Before we come to the duels in the book it should be said that the introduction is a quite spectacular example of one of my favourite bits of early modern publishing. This being the deep unease, although less so than earlier periods, of being seen to publish a work for money. It may have been acceptable for hacks but it was not something a gentleman did. And so the book starts with a long winded justification for his desire to produce a code for duelling, his extensive submissions of the manuscript to the finest literary, political, and military characters of the age, and only after being assured of the approbation was he moved to publish.

The author of the book is very much set against the practice of duelling and having failed in attempts to ban the practice he is set in this book to try to limit or soften the outcome. The society in which he lived was, according to this work, one in which a gentleman might, for the slightest offence, be challenged to a deadly combat. He writes quoting a London editor that ‘Duels have become so common that we cease almost to hear of their immediate causes’ continuing ‘it is deemed by those who record passing occurrences, quite sufficient to say, that a meeting took place between two gentlemen’. Whilst one is tempted to accuse the writer of hyperbole – the book is by its nature polemical – between 1785-1800 there are surviving accounts of 206 duels in London alone.[2] This only accounts for those mentioned in the relevant pamphlet literature and only those in London. Many took place in the greens outside the city so the number is by necessity higher: for example the Irishman Sir Jonah Barrington states that 227 duels were fought during one year.[3] By the 1830s these duels were still a popular pastime and it is this light that Hamilton attempts to set out a codified system in which chivalry and justice can be served whilst avoiding duels.

This is reflected in the first rule ‘No duel can be considered justifiable which can be declined with honour, therefor an appeal to arms should always be the last resort.’ Of note, this ruling is supported by the author’s claim that, because these rules have been sanctioned by the commander of the British army and a great many worthies that he quotes in the front of the book, anyone who attempts to deviate from the rules can be considered not to be a gentleman and the matter referred to a court of honour. The book continues, laying out rules for who can offer a duel; the offended party; how to apologise with dignity; who can take part. Judges, jurors, literary editors, can all refuse in order to preserve their ‘perfect independence’. It offers rules on when to resort to the law, on occasions of violence or abusive treatment. There are rules as to how to act if one gentleman ‘unfortunately assaults’ another, whereon you are meant to apologise and give the other person a stick or a horsewhip.

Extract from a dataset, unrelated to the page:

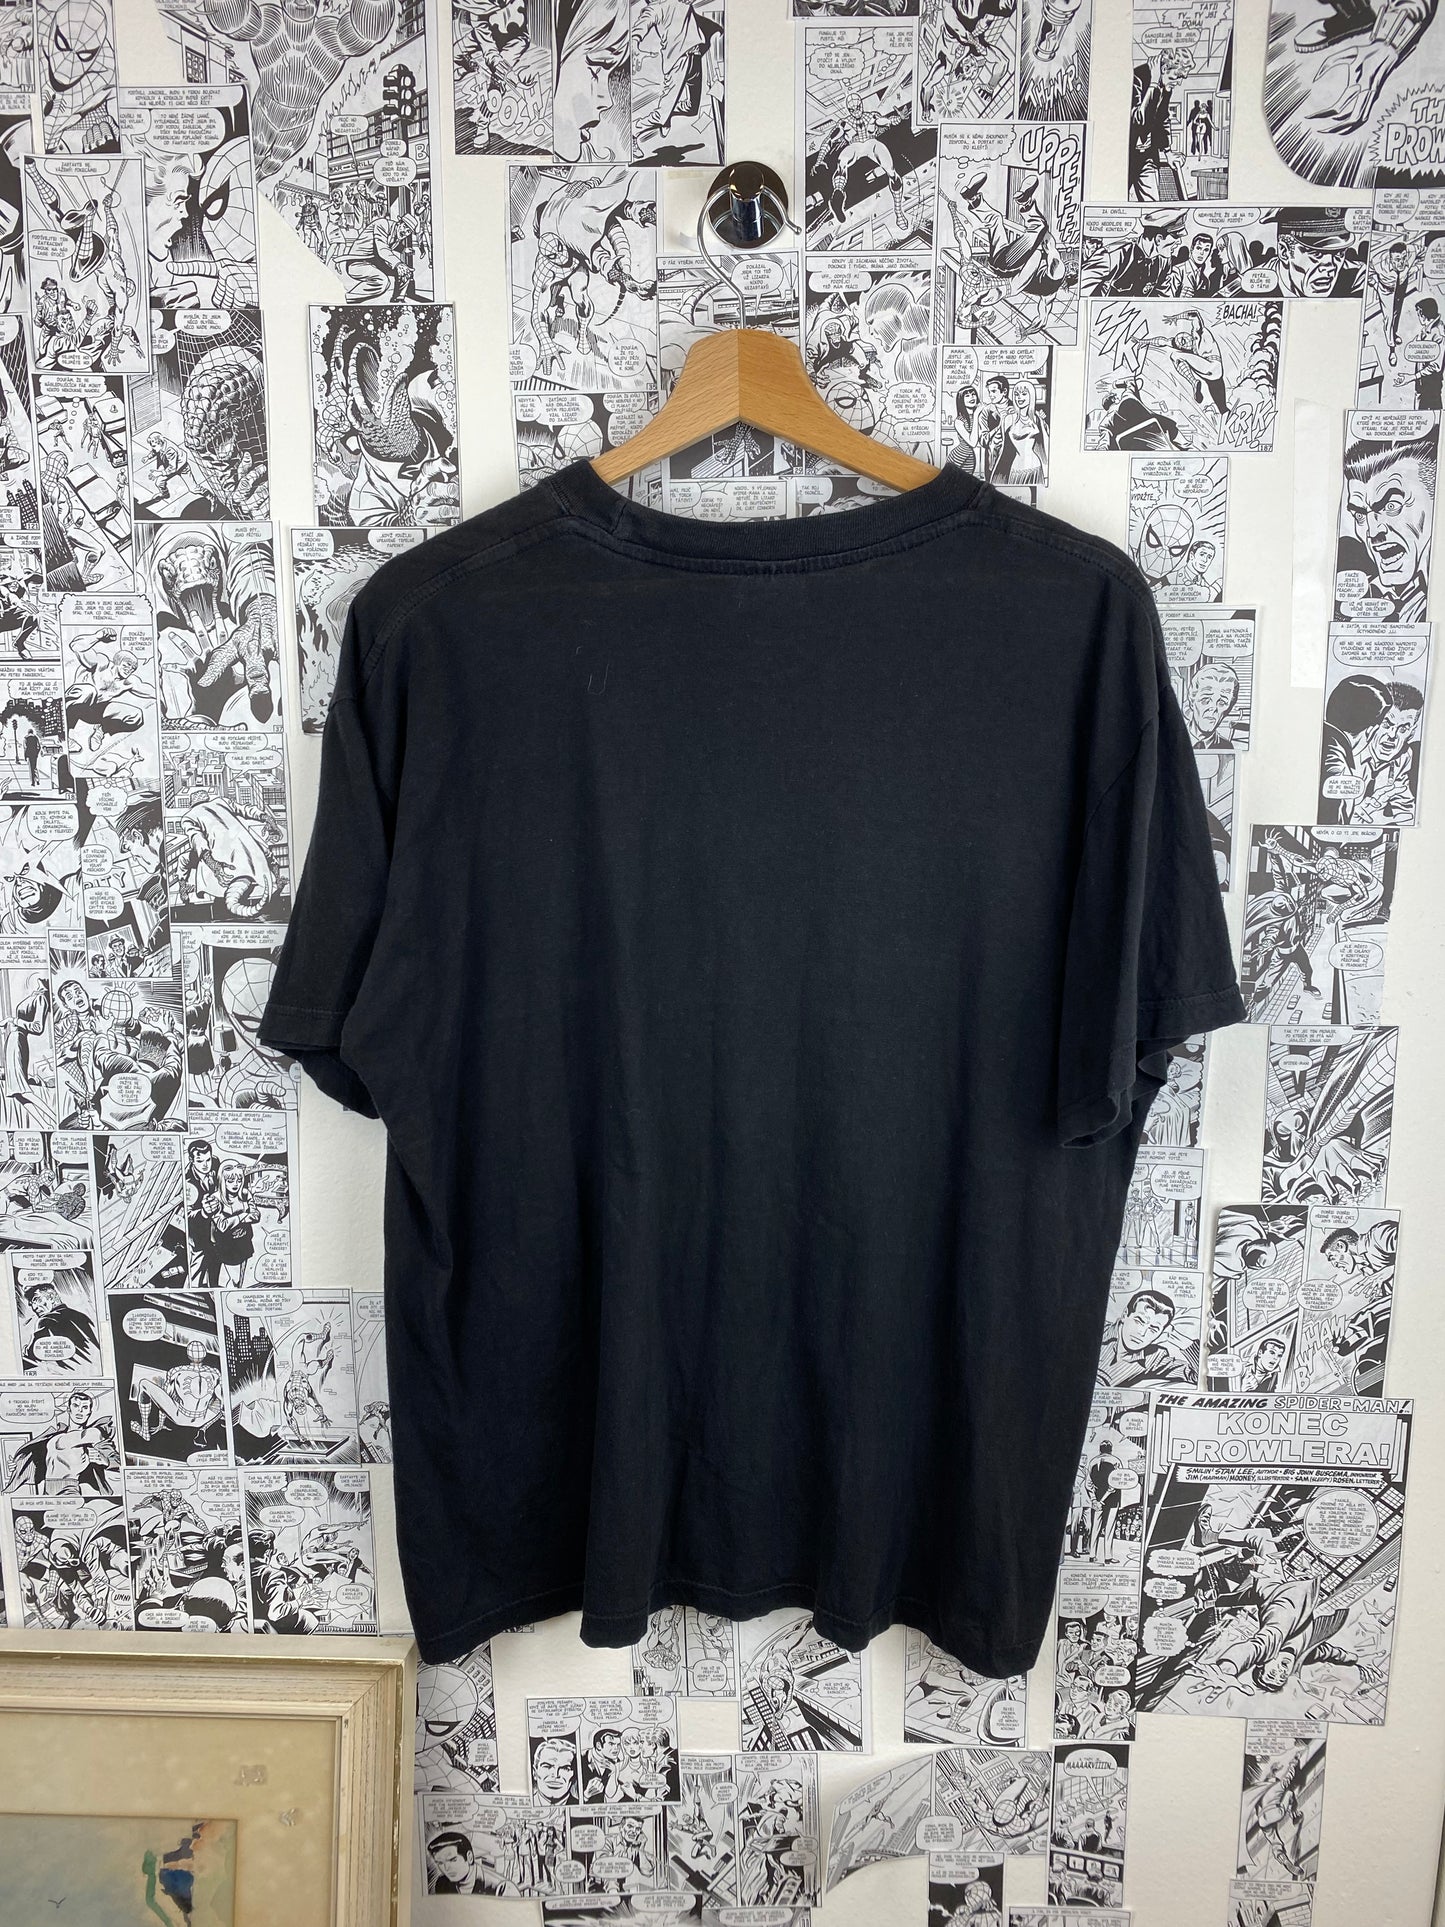 Vintage AC DC “Hell’s Bells” T-shirt - size L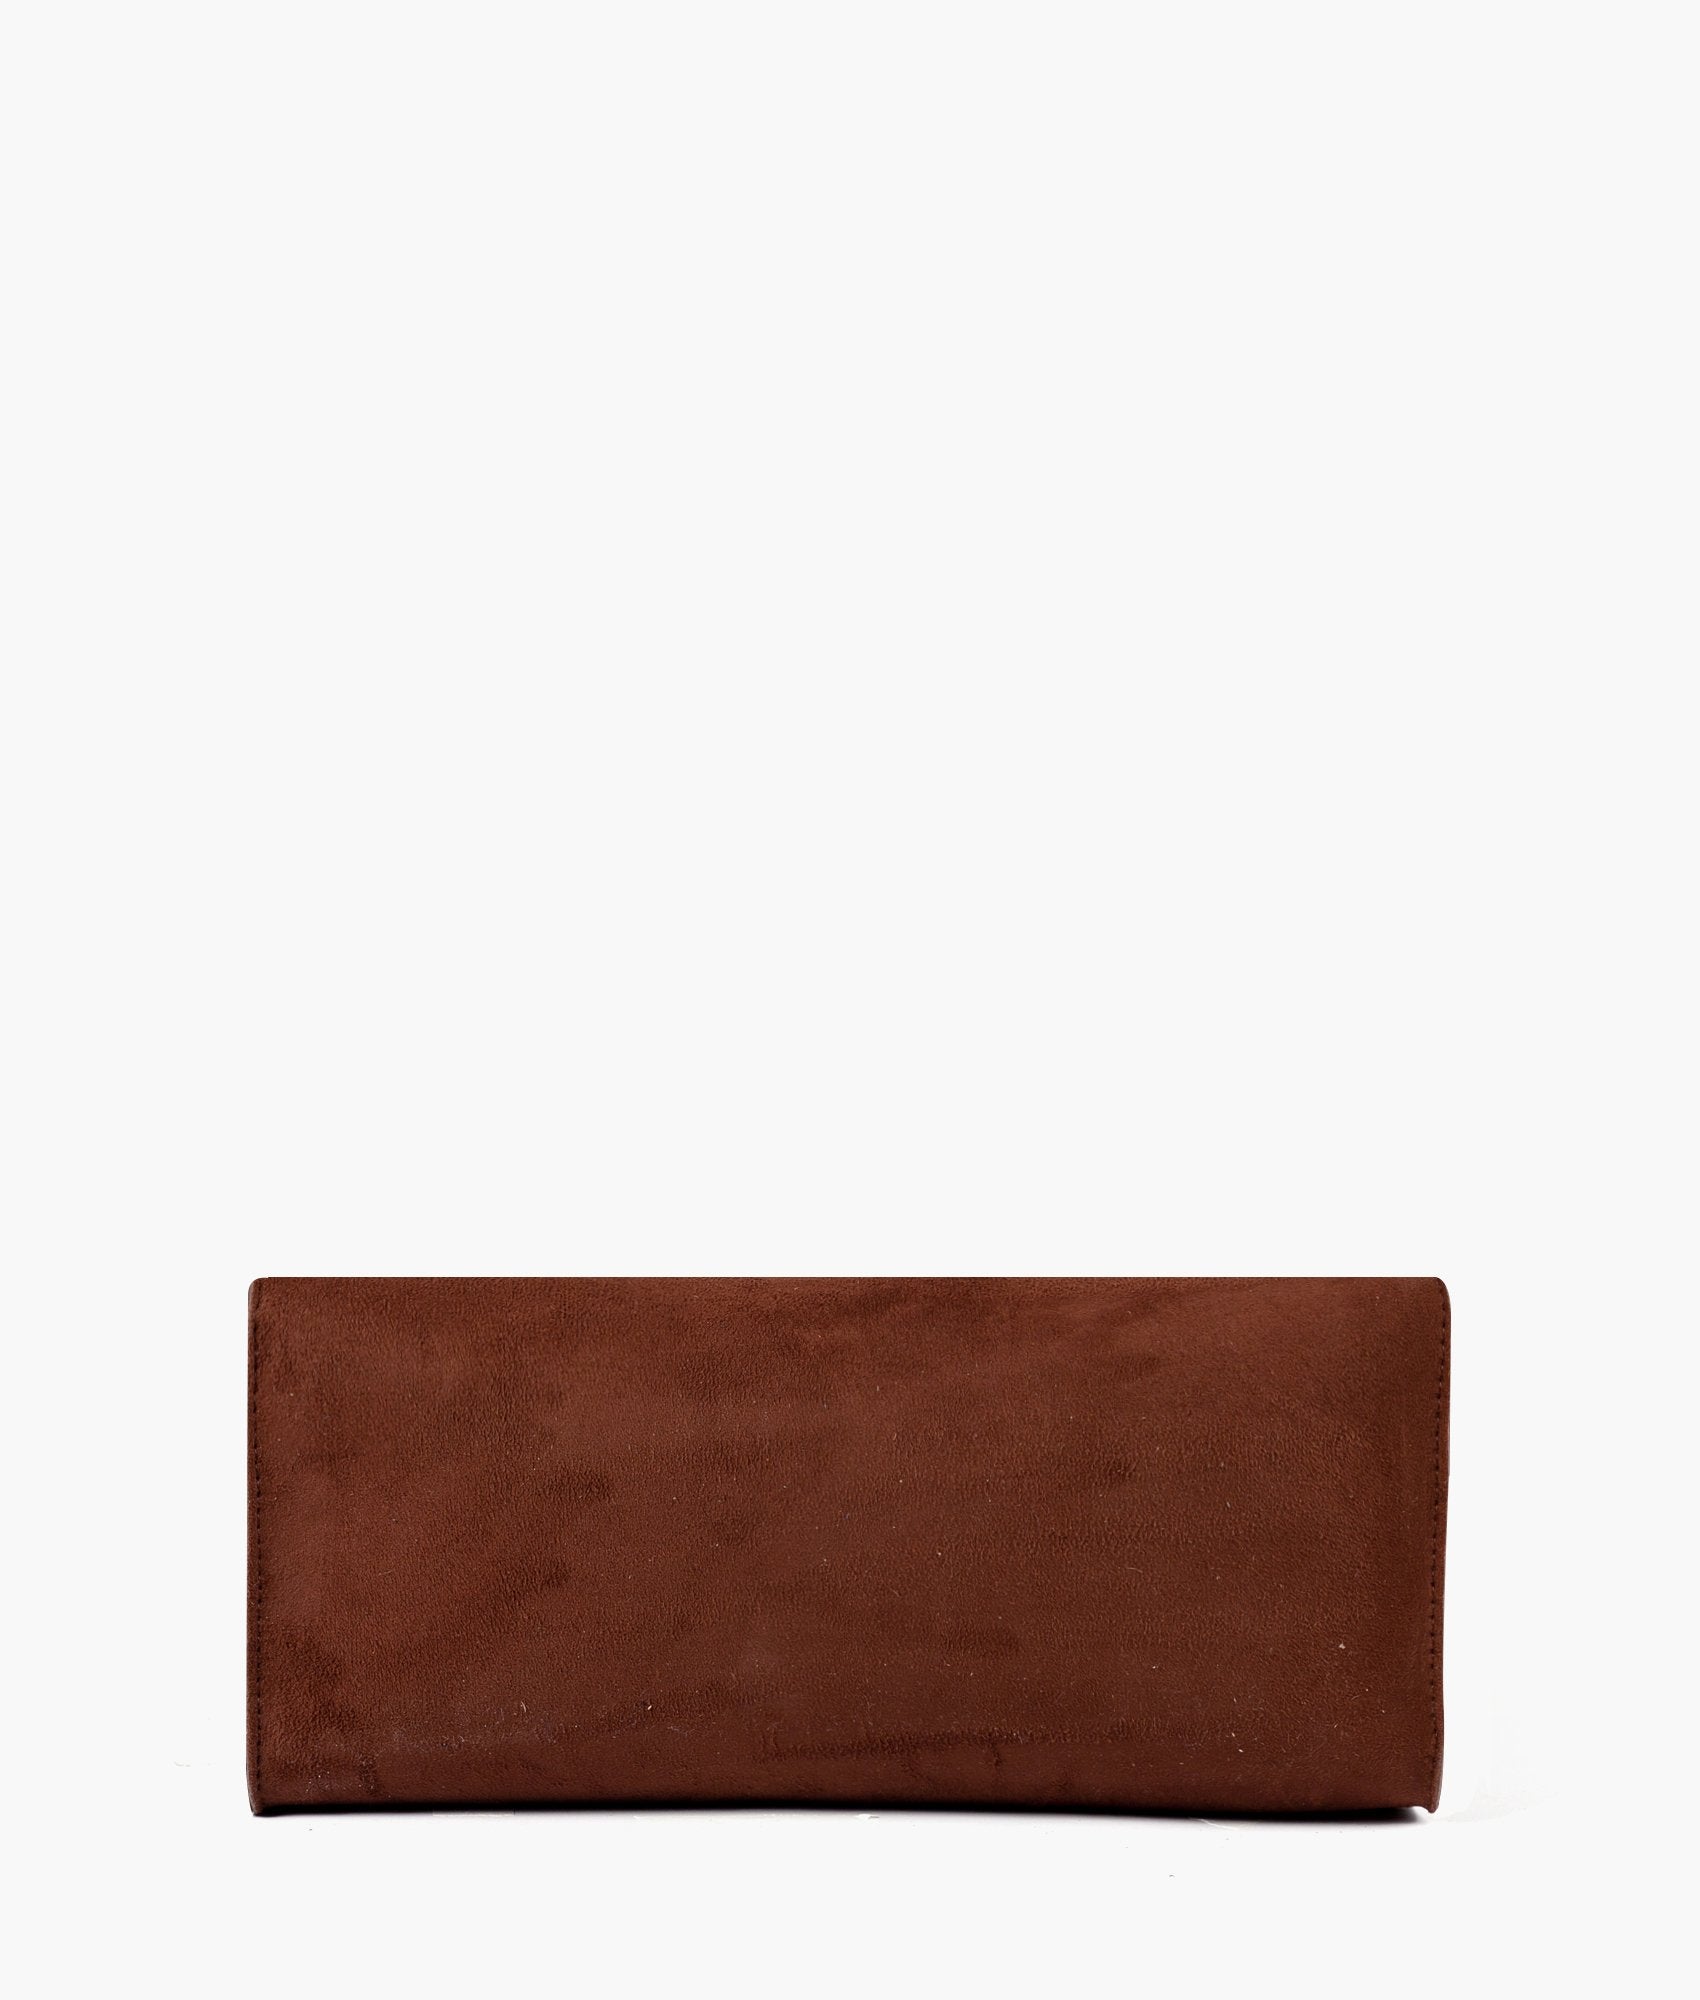 Dark brown suede multi compartment satchel bag

Many of the rules are concerned with how to pick a second and ensure that he too is a ‘gentleman of honour’ and his duty to promote reconciliation between the two parties. It is also his duty to pick the time and place, preferably close to ‘surgical assistance’ and without too many obstacles over which to carry your friend’s body. He is also responsible for rejecting an ‘extravagant proposition’ for example that the duellist should ‘fight across a table, or at handkerchiefs length or hand to hand; using daggers, knives, rifles, blunderbusses’.

By the time we reach rule 40, and there are more to come, we have moved on to how to ensure the fairness of the duel. That any advantage of ground should be decided by tossing coins, no ‘boast, trick, threat, or stratagem that may wound the feelings of the combatants’ may be used. For example, you may not wear eyeglasses unless you habitually wear them. There are rules saying that if fighting with pistols you should never fight by highways, hedges, or the ridgeway of fields as the lines can provide references for aiming making the duel more dangerous.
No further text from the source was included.